When the Ravens faced Denver in Week 15, they were absolutely dominated on first down in the first half of the game. Out of eight drives, the Ravens plodded to an average of 2.6 yards. Of those first downs, six were runs and two passes went to fullback Vonta Leach in the flats—not exactly the most aggressive game plan. Suffice it to say, the Ravens’ miserable first down performance was a decisive factor for five three-and-outs.

First down will be the biggest battle ground yet again, and this time, the Ravens need to be a lot more aggressive with their play-action and quick-hitting passing game. Joe Flacco’s drops should be shortened to one, two or three steps, and the ball needs to be out on time. Completions need to be at a premium to set up more manageable second-down and third-down conversions.

If the Ravens pass against Denver on first down, there is also a higher likelihood that they can keep the pressure off of Flacco. According to Football Outsiders, the Broncos generated just three sacks in 156 passing plays with four or fewer defensive backs on the field, but 42 sacks in 451 drop-backs in nickel and dime sets. The Ravens simply cannot be in too many obvious passing situations or they will be cooked by the Denver pass rush.

2. Inside-Out Attack        

Lost in the fog of a hopeless offensive performance were the few bright moments for the wide receivers. The Ravens were successful on two long sideline completions to Torrey Smith and Jacoby Jones. Both plays set up scoring opportunities in the red zone.

The problem is, those plays were few and far between. The Baltimore receivers had little success getting separation against a Denver secondary that kept their safeties back to protect against the long ball. In addition, the cornerbacks sat on all of the other outside routes, forcing the action to the deep middle. The offense didn’t adjust until the second half, with Dennis Pitta, when the game was already out of hand.

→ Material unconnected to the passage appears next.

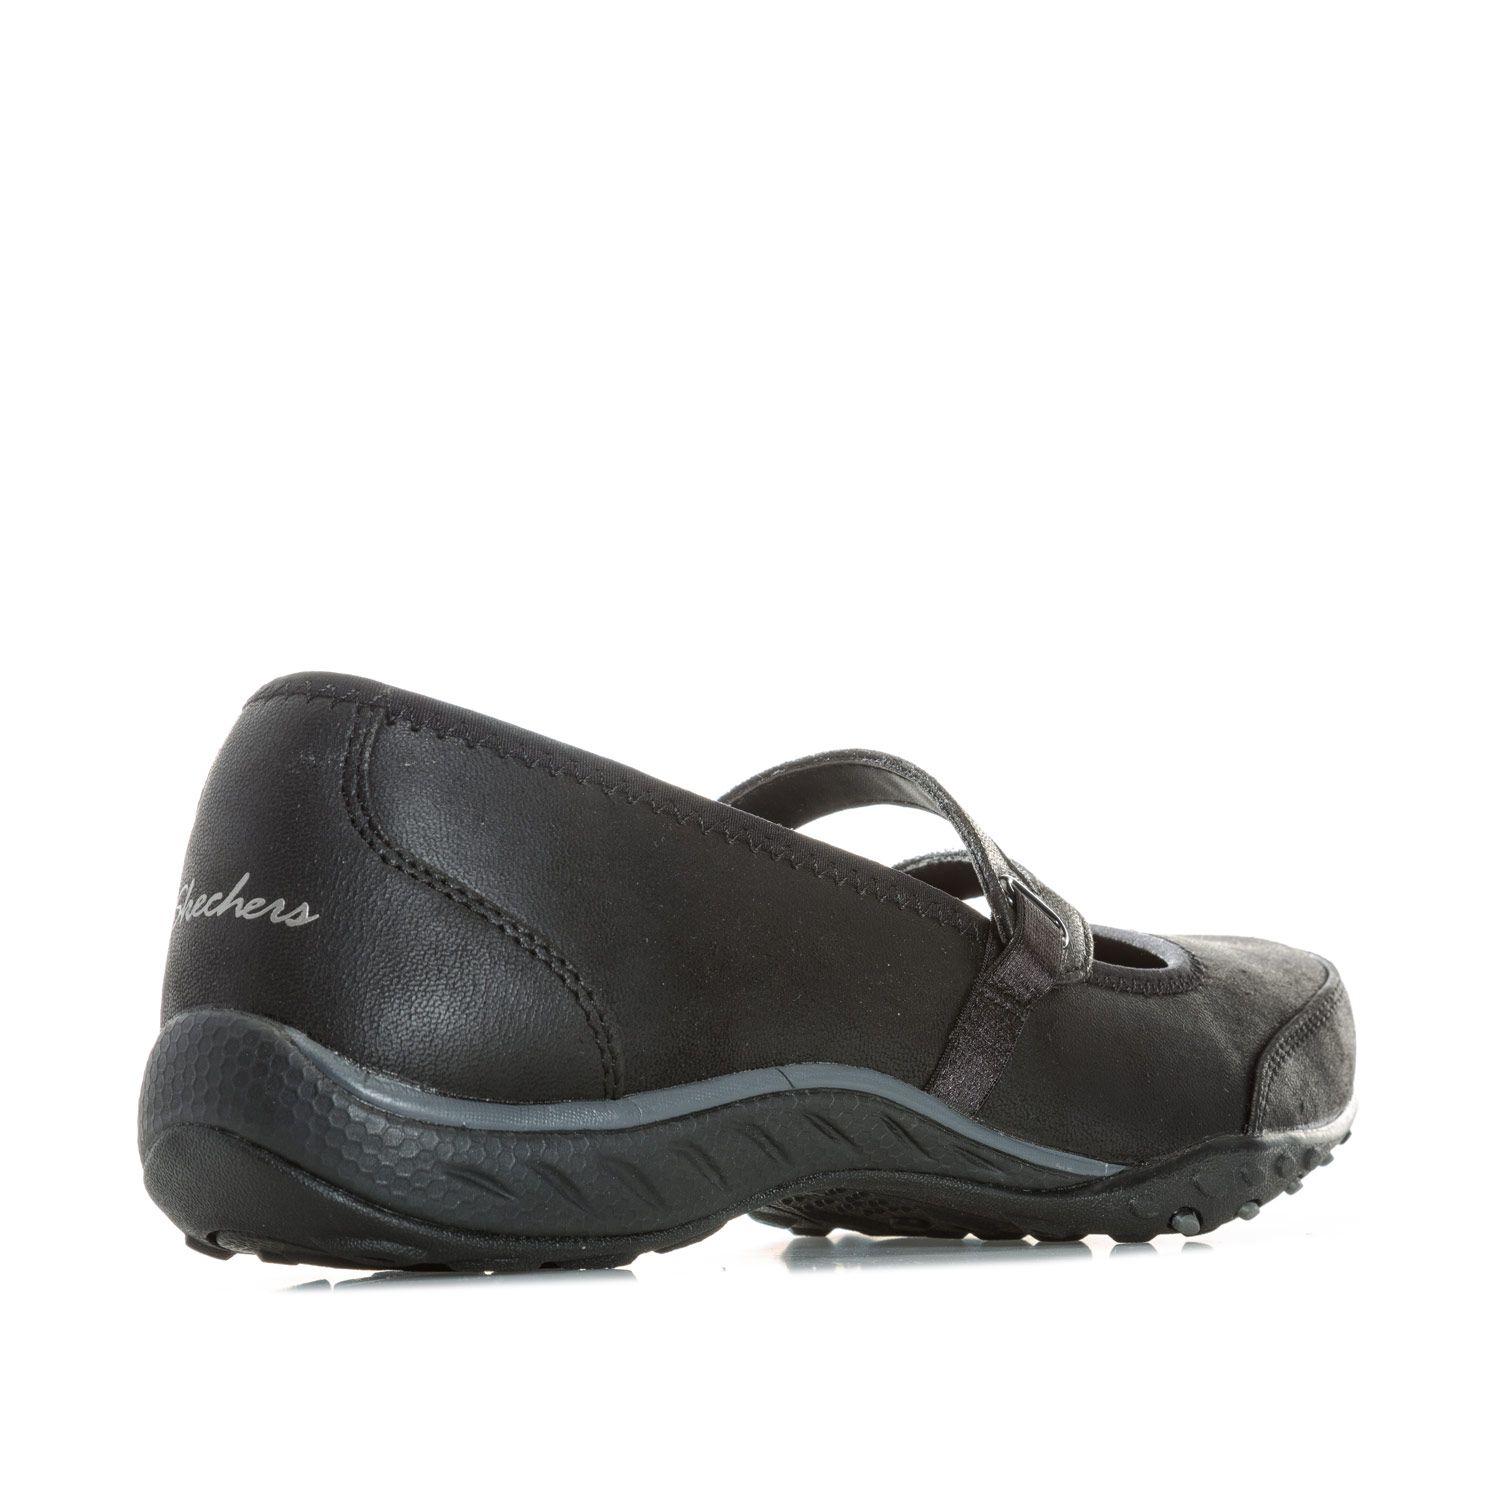 Black Skechers Womens Relaxed Fit Breathe Shoes Get The Label

In this matchup, the Ravens should target Pitta and the middle of the field from the beginning. If Flacco can get Pitta and Ed Dickson involved to attack the safeties down the seams, the coverage will loosen up along the sidelines. That’s when Smith, Jones and Boldin should be targeted on fades or fade-stops.

3. Widen the Launch Path        

He may not have recorded a single sack, but Von Miller still wrecked Baltimore’s pass protection. Miller had his way against rookie right tackle Kelechi Osemele, recording two quarterback hits.

On the other side, Elvis Dumervil also made his presence felt with a sack and two quarterback hits of his own. The two rushers remain the epicenter of a Denver pass rush that must be contained for Baltimore to prevail in the divisional round of the playoffs.

With the return of Dickson to the lineup, the Ravens should line up in an assortment of two tight end packages to impede the outside rushing paths to the quarterback. Furthermore, the tight ends should also be involved to chip either rusher before they release into their routes.


1. Proceed with Caution     

It is extremely difficult to fool Peyton Manning. His ability to decipher pre-snap movement is second to none, and he has a tremendous feel for defensive tendencies.

That’s why the Ravens need to be careful with their movement and timing before the snap. They’ll need to change up their patterns for which defender blitzes and on what down.

In fact, in the previous game against Denver, the Ravens had a higher tendency to blitz up the middle with delayed action. Once Manning figured out the look, he did a better job of adjusting the protection in the second half.

This time around, the Ravens should look to hit Manning when he turns his back off of the play-action fake. Given how often Manning uses the play-fake, he is especially vulnerable to blind side pressure. The key will be figuring out when to bring the outside blitz in these situations, and making sure the rushers don’t declare their move too soon.

2. Prepare for the Quick Count        

To counteract exotic defensive formations, Manning often turns to the quick count. In fact, it was ironic to see Andrew Luck dip into Manning’s bag of tricks to accelerate the snap count and keep the Ravens from jumping around in shape-shifting fronts.

Now, the Ravens face the master for controlling offensive tempo. Manning will get his offense lined up quickly and the defense simply needs to be ready to operate at his speed.

3. Defend the Slip Screen            

The slip screen was active early and often when the Ravens faced the Colts. The Indianapolis receivers were effective after the catch, and the receiver screens proved to be an integral reason for why Luck kept the chains moving.

Manning has used different forms of the slip screen to beat inside pressure in the past, including against the Ravens. With receivers like Demaryius Thomas and Eric Decker at his disposal, Manning has pass catchers that are arguably even more dangerous in the open field.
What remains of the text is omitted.